Idon P I, Olasoji H O, Fusami M A
Department of Dental Surgery, University of Maiduguri Teaching Hospital, Maiduguri, Borno State.
Niger Postgrad Med J. 2015 Mar;22(1):75-82.
The objective of this paper is to give a review of the literature on the aetiopathogenesis, clinical presentation, differential diagnosis and treatment of Papillon-Lefevre Syndrome, and present three cases of PLS in siblings of the same parents demonstrating typical clinical and radiological features of the condition.
Three cases of Papillon-Lefevre syndrome affecting three girls among six siblings of normal parents who are first-degree cousins.

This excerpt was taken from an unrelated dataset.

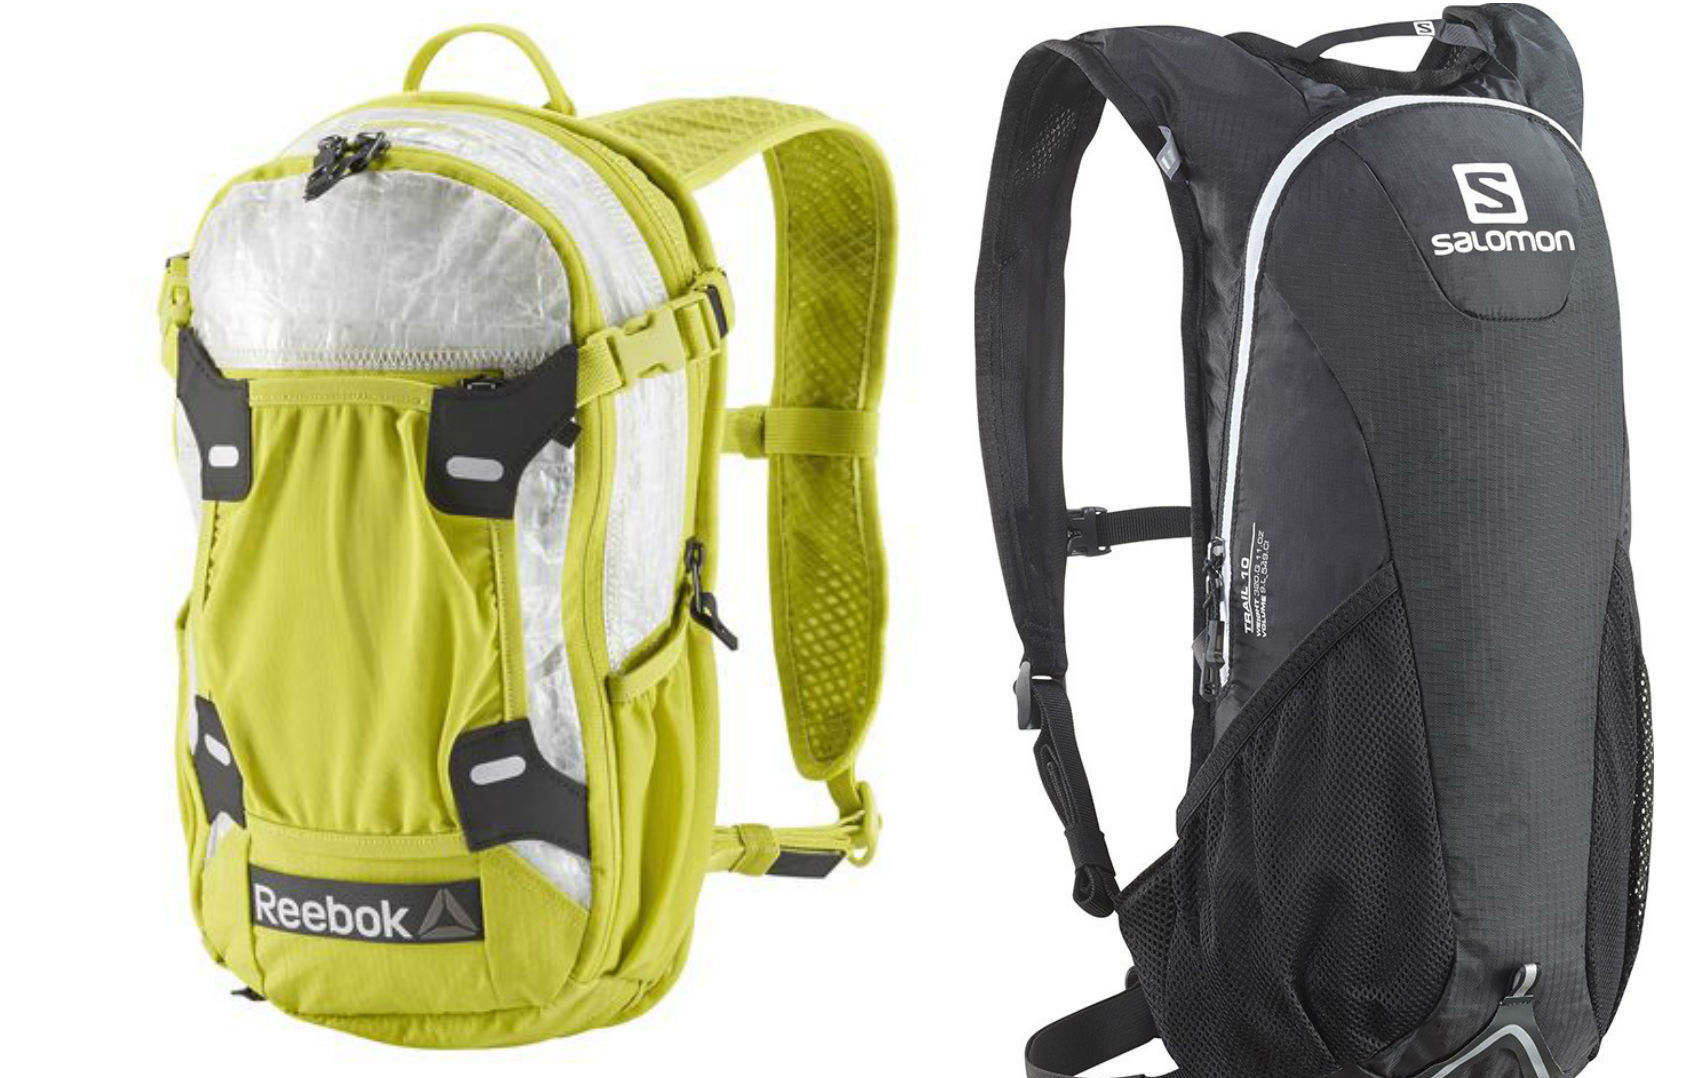 Обзор не гаджета. Выбираем лучший чехол для тренировок и другие аксессуары для смартфонов: повязки, сумки и силиконовый карман Adidas - 11

The three siblings aged 14, 6 and 4 ⅇ years all had severe gingivitis, periodontitis with grossly mobile teeth and tooth migration. Other findings included premature exfoliation of deciduous teeth (2/3), premature loss of permanent teeth in one sibling. Plantar hyperkeratosis was detected in all of the cases, leading to a difficult and painful walking in two cases due to lesions on the soles. Palmar hyperkeratosis was present in the oldest sibling as well. Radiologic study confirmed alveolar bone destruction in two cases.

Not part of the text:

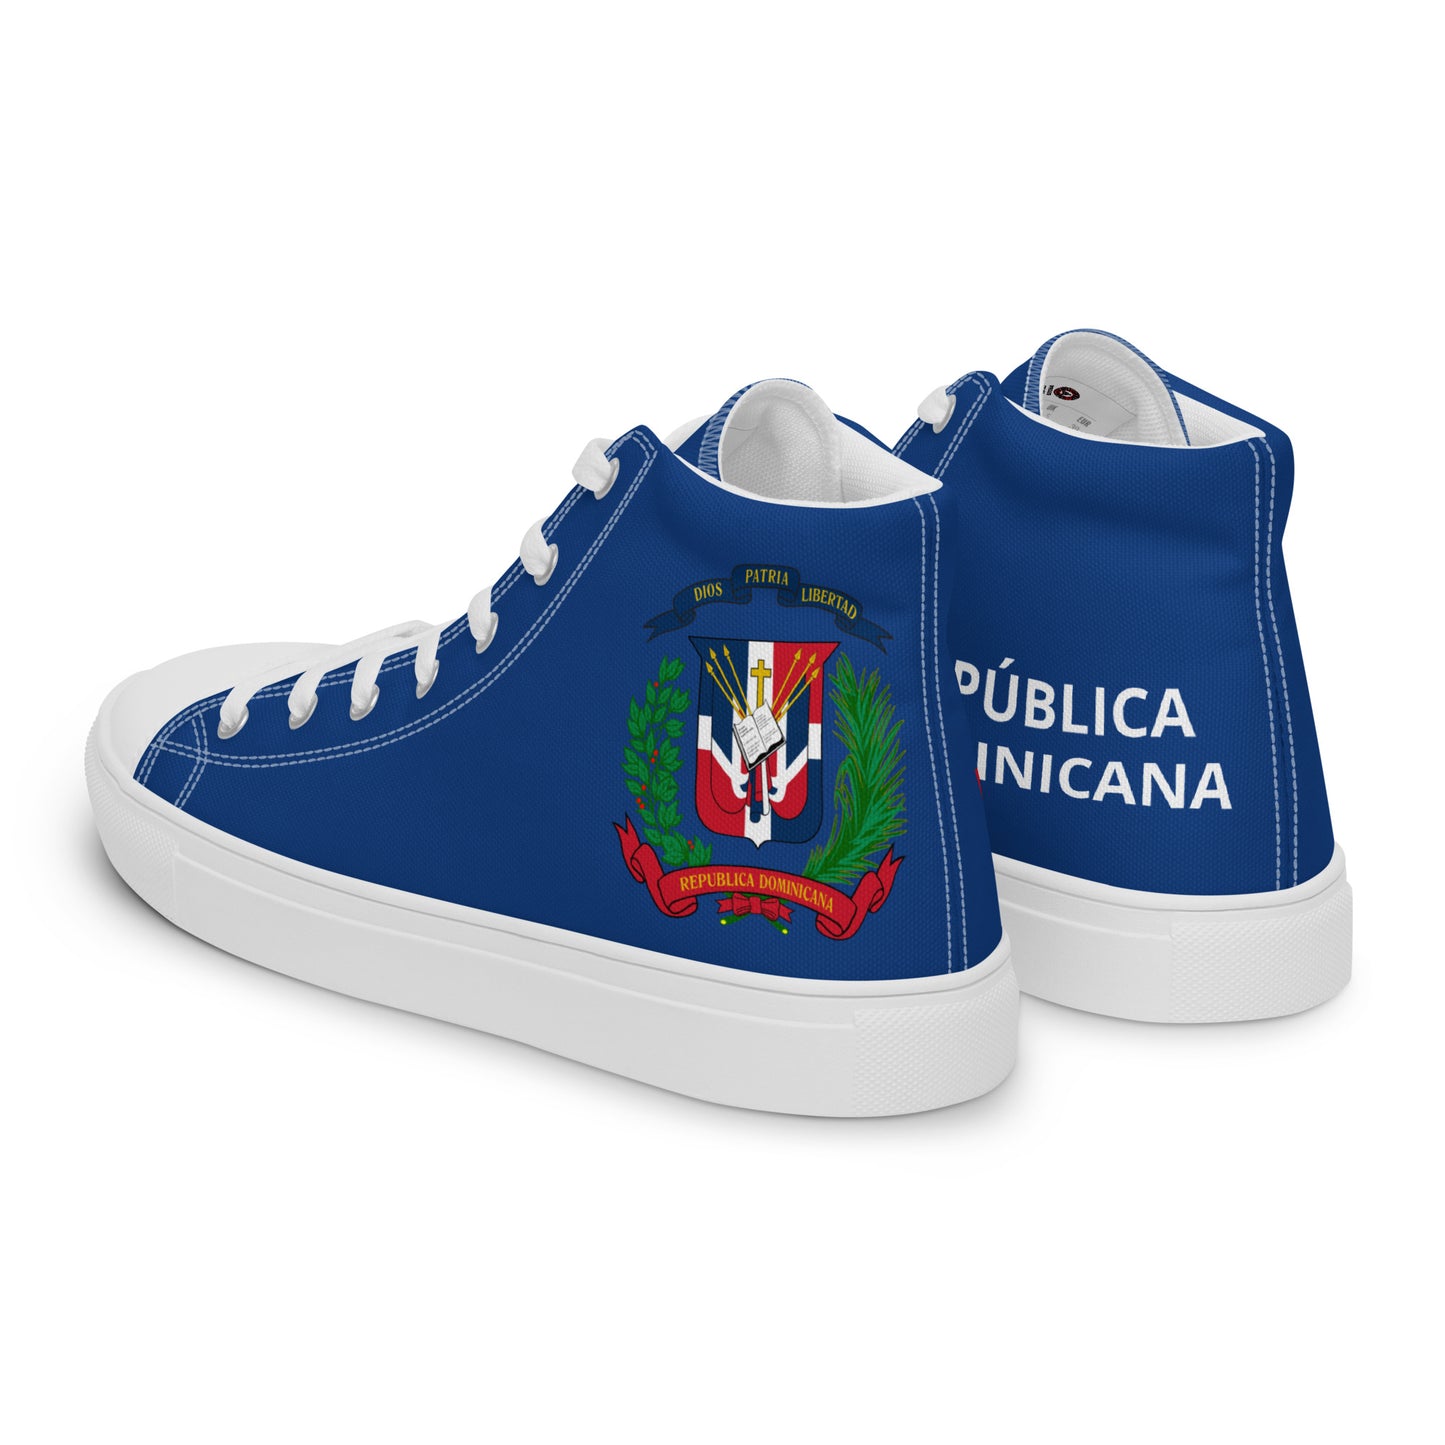 República Dominicana - Men - Blue - High top shoes

Early recognition of this entity as well as multidisciplinary management may help in the prognosis of these cases.
本文旨在综述关于帕皮永 - 勒费弗尔综合征(Papillon-Lefevre Syndrome)的病因发病机制、临床表现、鉴别诊断及治疗的文献,并呈现三例来自同一对父母的患有帕皮永 - 勒费弗尔综合征(PLS)的兄弟姐妹病例,展示该病典型的临床和放射学特征。
三例帕皮永 - 勒费弗尔综合征病例,累及一对表亲父母的六个孩子中的三个女孩。这三个兄弟姐妹年龄分别为14岁、6岁和4岁,均患有严重的牙龈炎、牙周炎,牙齿严重松动且移位。其他发现包括乳牙过早脱落(2/3),其中一个兄弟姐妹恒牙过早缺失。所有病例均检测到足底角化过度,两例因足底病变导致行走困难且疼痛。年龄最大的兄弟姐妹也存在手掌角化过度。放射学研究证实两例存在牙槽骨破坏。
早期识别该疾病以及多学科管理可能有助于改善这些病例的预后。